1. Meaning of Bounded and Unbounded Solutions

When solving a linear programming problem graphically, the feasible region can either be fully enclosed or extend infinitely in some direction. This affects whether an optimal solution exists and how it behaves.

If the feasible region is enclosed, the solution is called bounded. If the region stretches out infinitely, it is unbounded.

2. Bounded Feasible Region

A bounded region is completely enclosed by the constraint lines. It forms a closed polygon (triangle, quadrilateral, etc.).

When the feasible region is bounded:

The objective function always has a maximum value.
The objective function always has a minimum value.

2.1. Graphical Understanding

On the graph, the feasible region lies entirely inside a limited space. This means the values of the objective function cannot grow without limit.

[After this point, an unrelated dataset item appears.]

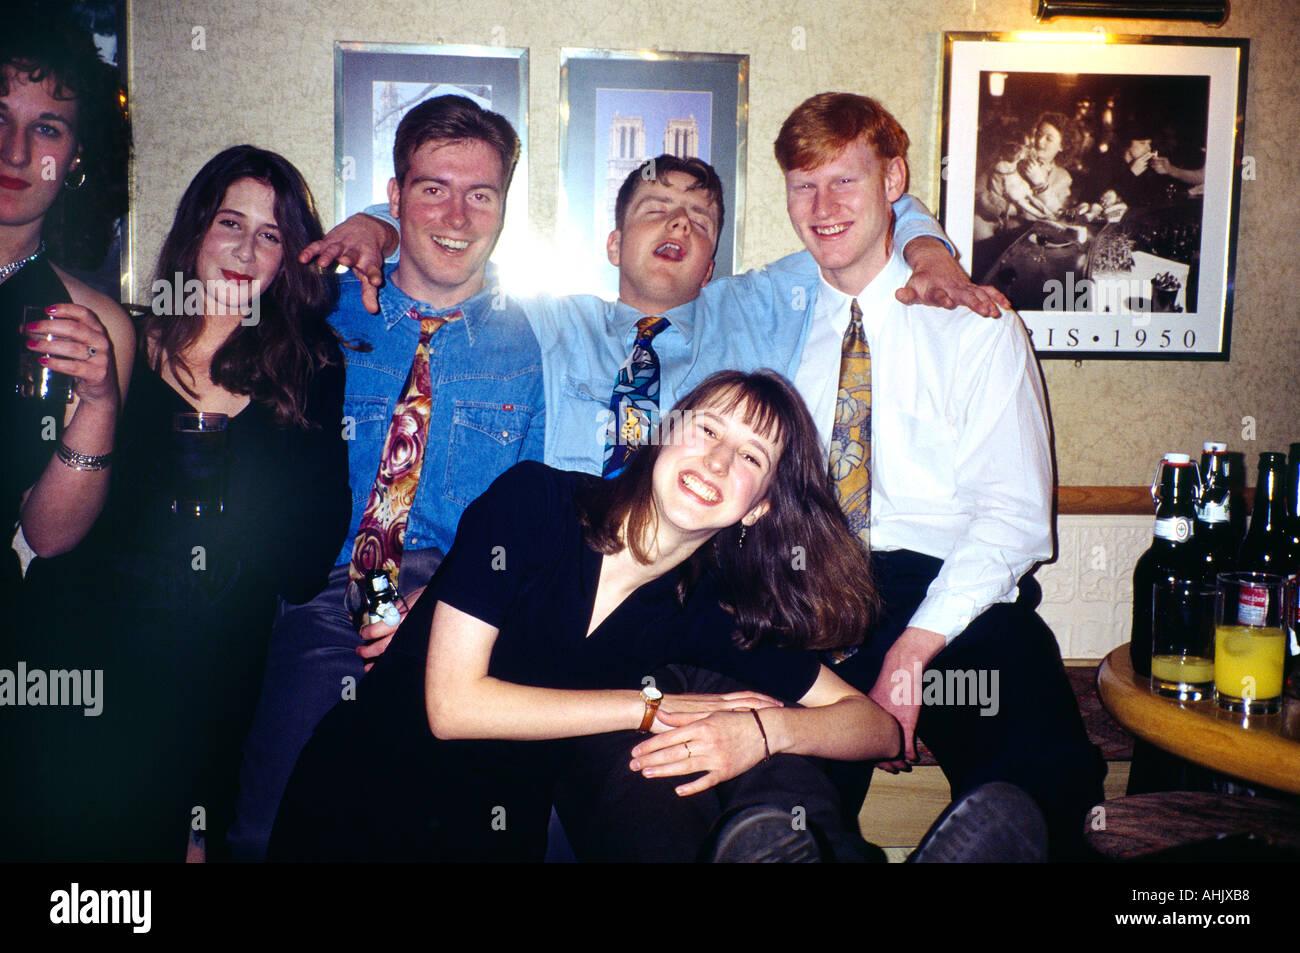 18 Geburtstag Party People Feiern Stockfoto Bild 4731575 Alamy

2.2. Example of a Bounded Region

For the constraints:

\( x + y \le 6 \)

\( x \ge 0 \)

\( y \ge 0 \)

The feasible region is a triangle with vertices at \( (0,0) \), \( (6,0) \), and \( (0,6) \). This is a bounded region, and both maximum and minimum values of the objective function will exist.

3. Unbounded Feasible Region

An unbounded region is not fully enclosed. It opens out indefinitely in one or more directions.

When the feasible region is unbounded:

A minimum value may still exist.
A maximum value might not exist because the objective function can increase without limit.

3.1. Graphical Understanding

On the graph, the feasible region does not form a closed polygon. It stretches to infinity, usually because at least one direction is unrestricted by constraints.

3.2. Example of an Unbounded Region

Consider the constraints:

\( x - y \ge 2 \)